YOUR GOAL:
Copy out the data word for word. The images are not part of the copy.

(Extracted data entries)
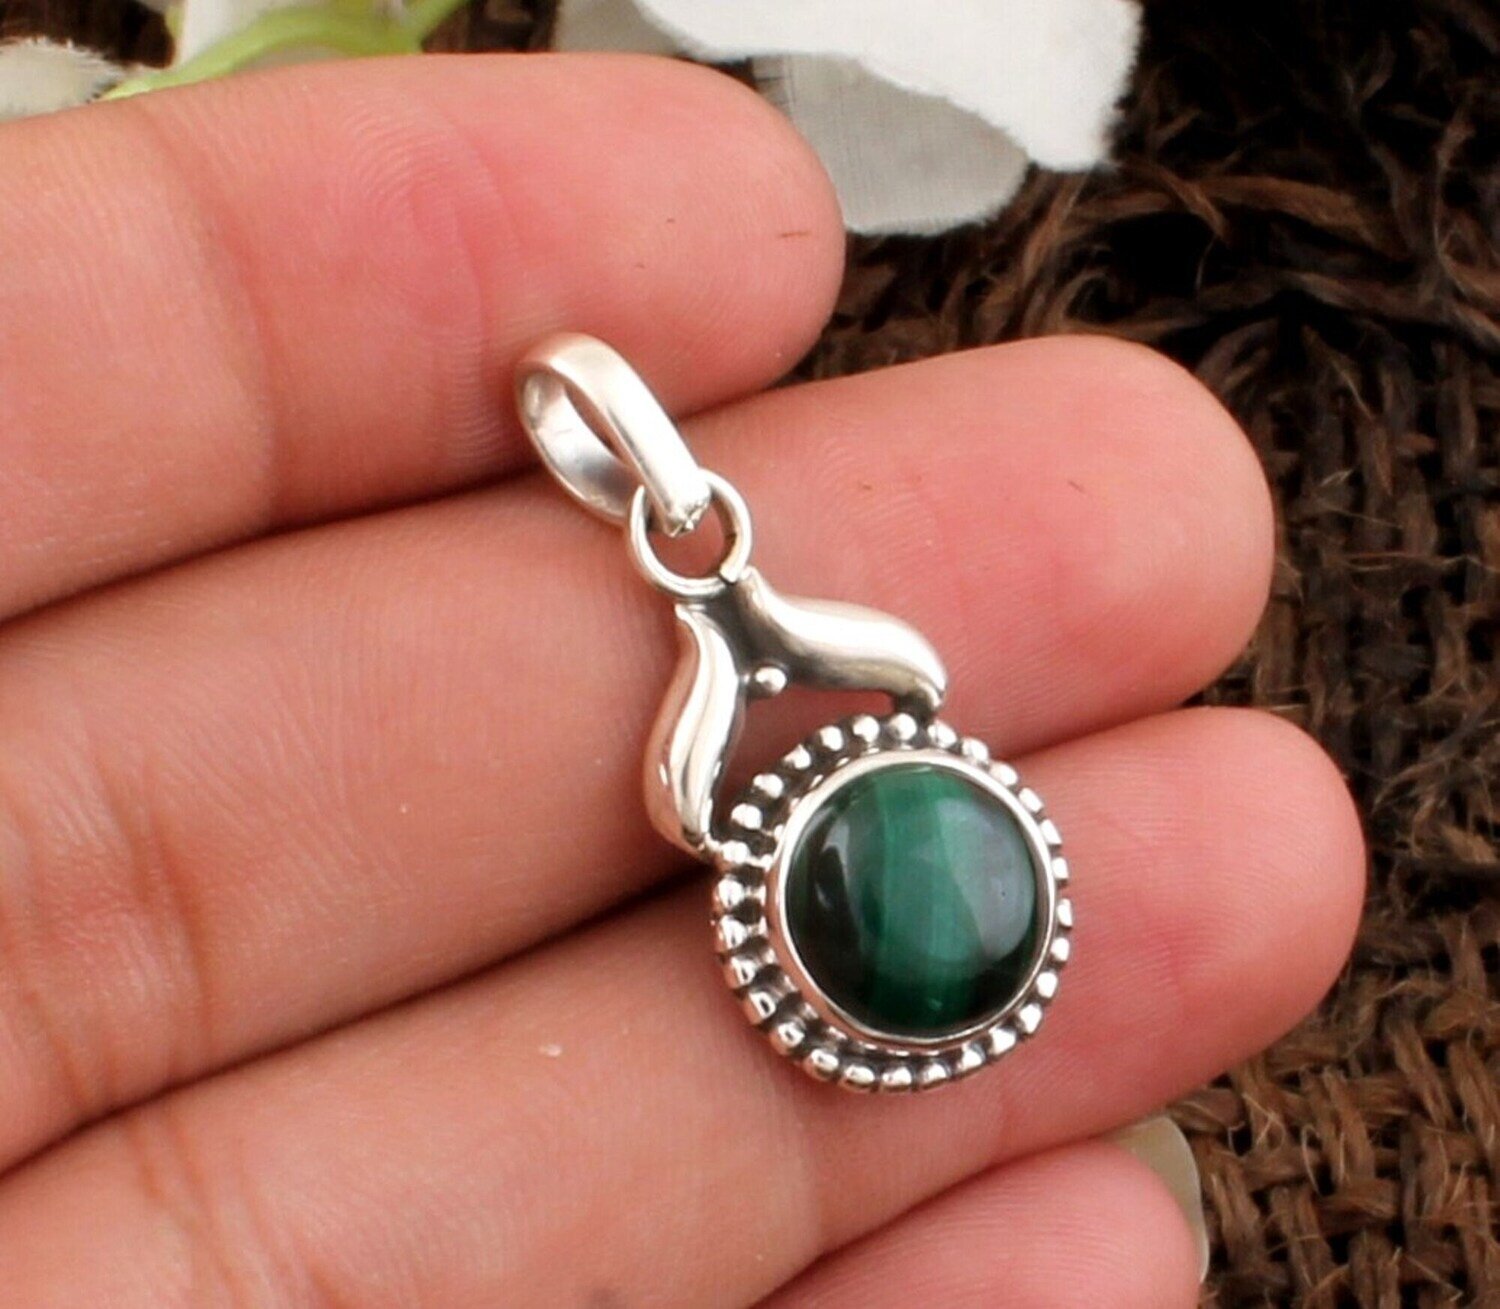 Malachite Gemstone Pendant 925 Sterling Silver Pendant Round Shape Gemstone Pendant Designer Handmade Pendant Women's Jewelry For Weddings Anniversary Gifts Her
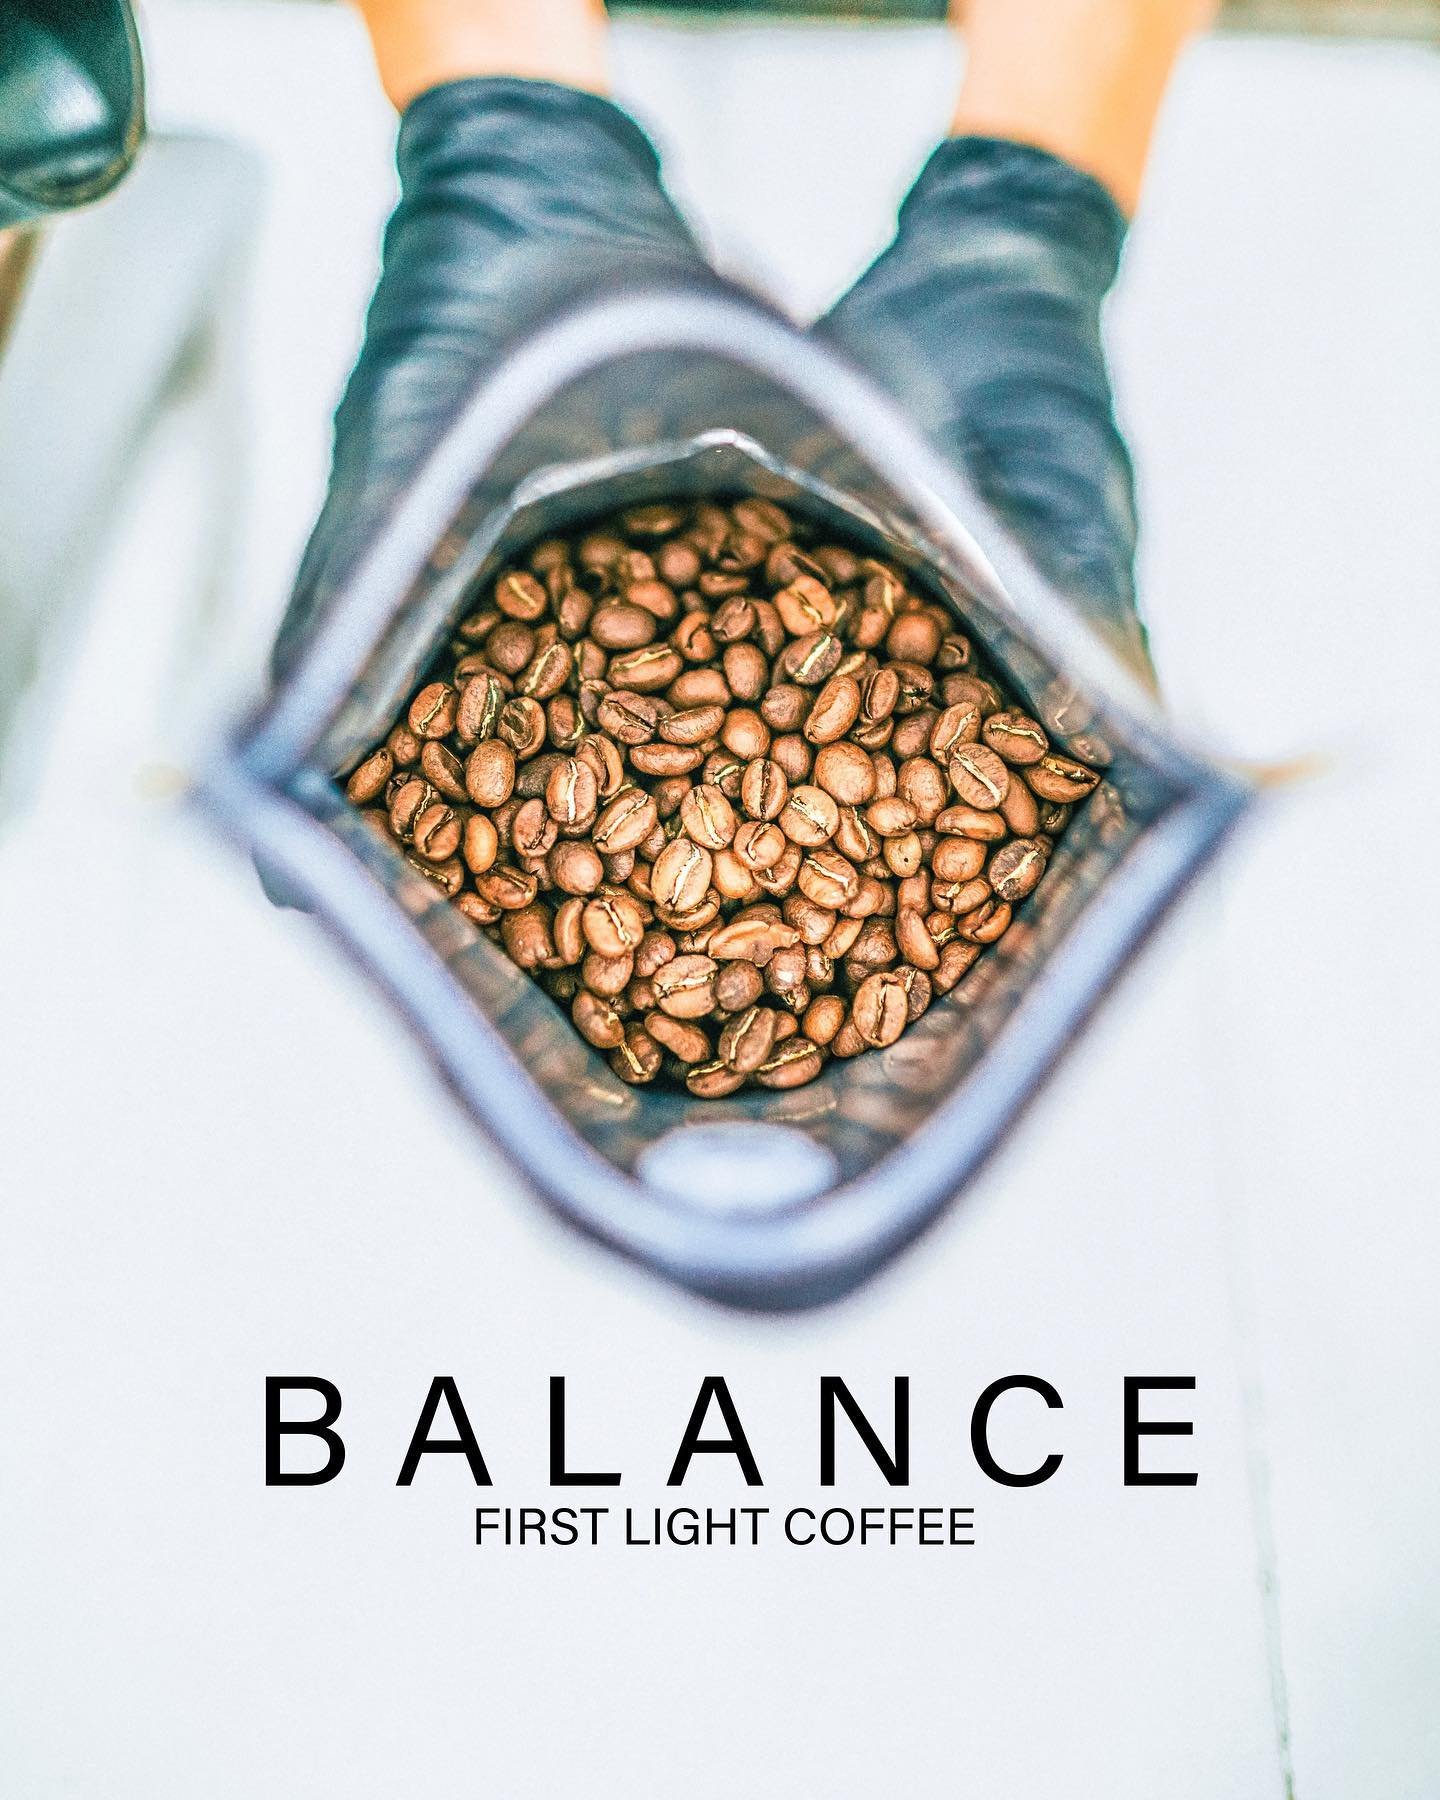 &quot;Wonderfully nutty with the perfect balance of sweetness and citrus.&quot;

We love this review of our COPA coffee from a recent customer. It's also packed full of antioxidants which makes it clean and healthy as well as damn tasty. 

www.firstl
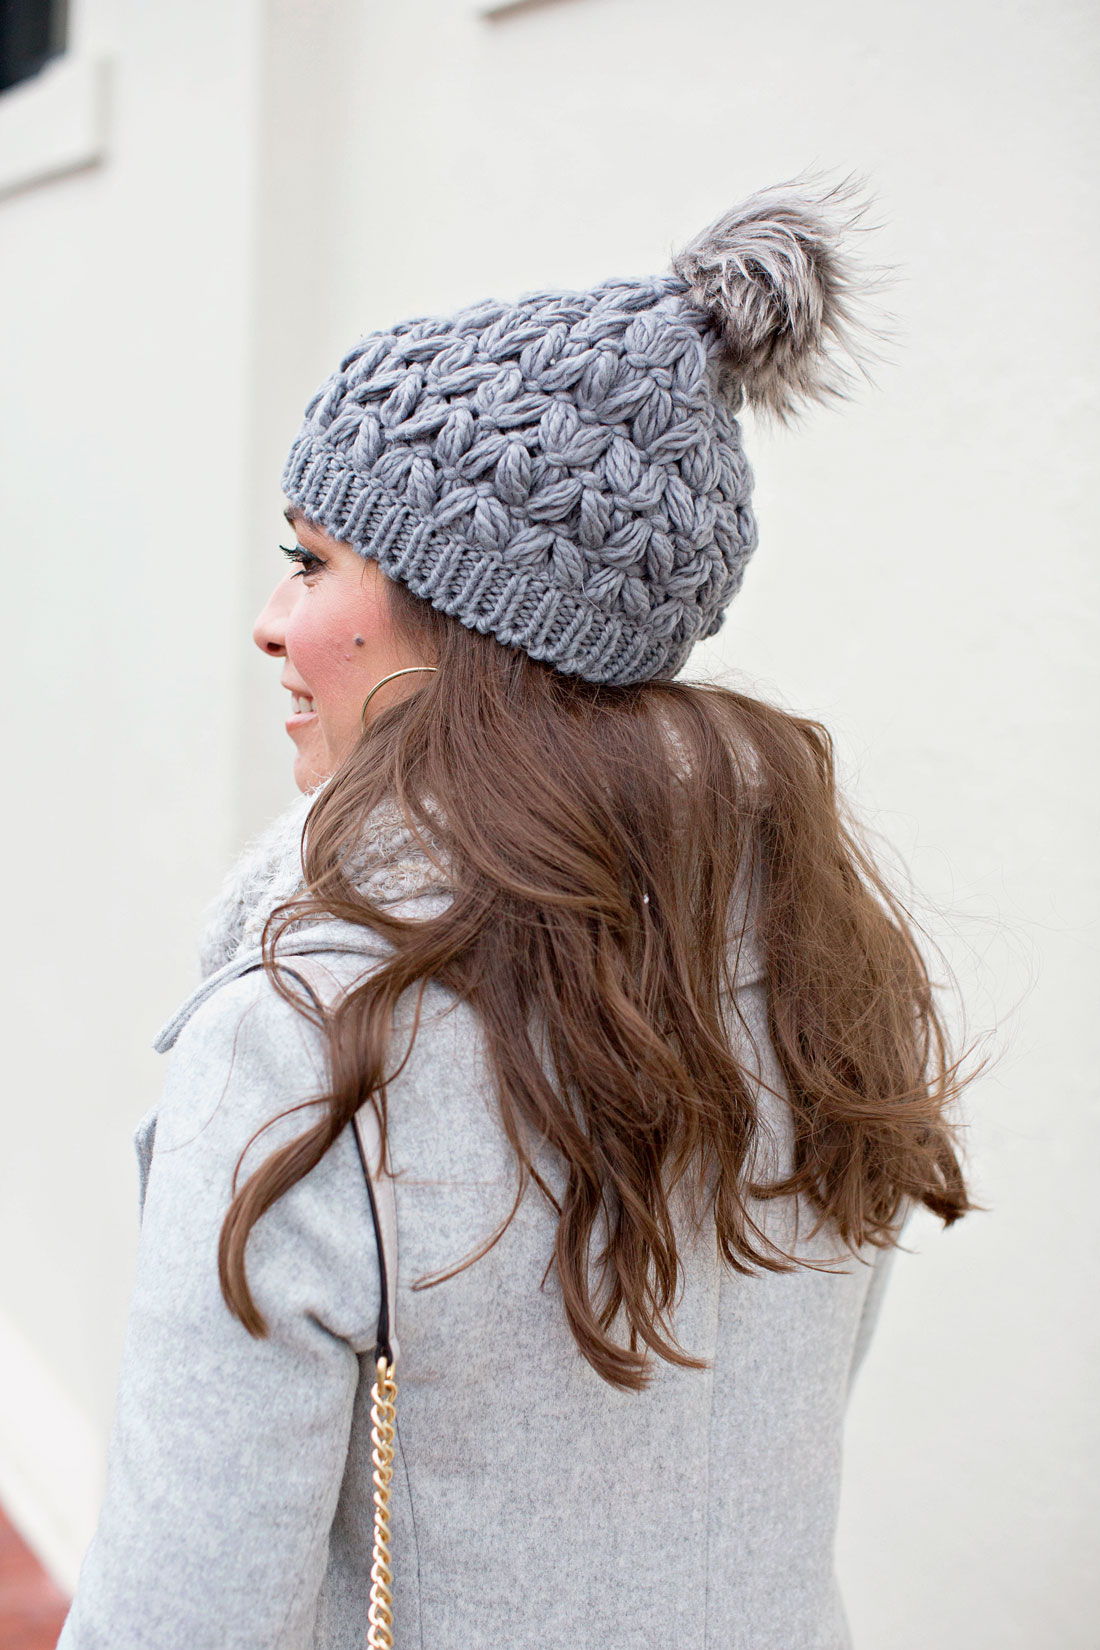 Amanda from A Glam Lifestyle blog wears BP grey beanie from Nordstrom with her travel outfits

ANSWER SECTION:
 Malachite Gemstone Pendant 925 Sterling Silver Pendant Round Shape Gemstone Pendant Designer Handmade Pendant Women's Jewelry For Weddings Anniversary Gifts Her
 &quot;Wonderfully nutty with the perfect balance of sweetness and citrus.&quot;

We love this review of our COPA coffee from a recent customer. It's also packed full of antioxidants which makes it clean and healthy as well as damn tasty. 

www.firstl
 Amanda from A Glam Lifestyle blog wears BP grey beanie from Nordstrom with her travel outfits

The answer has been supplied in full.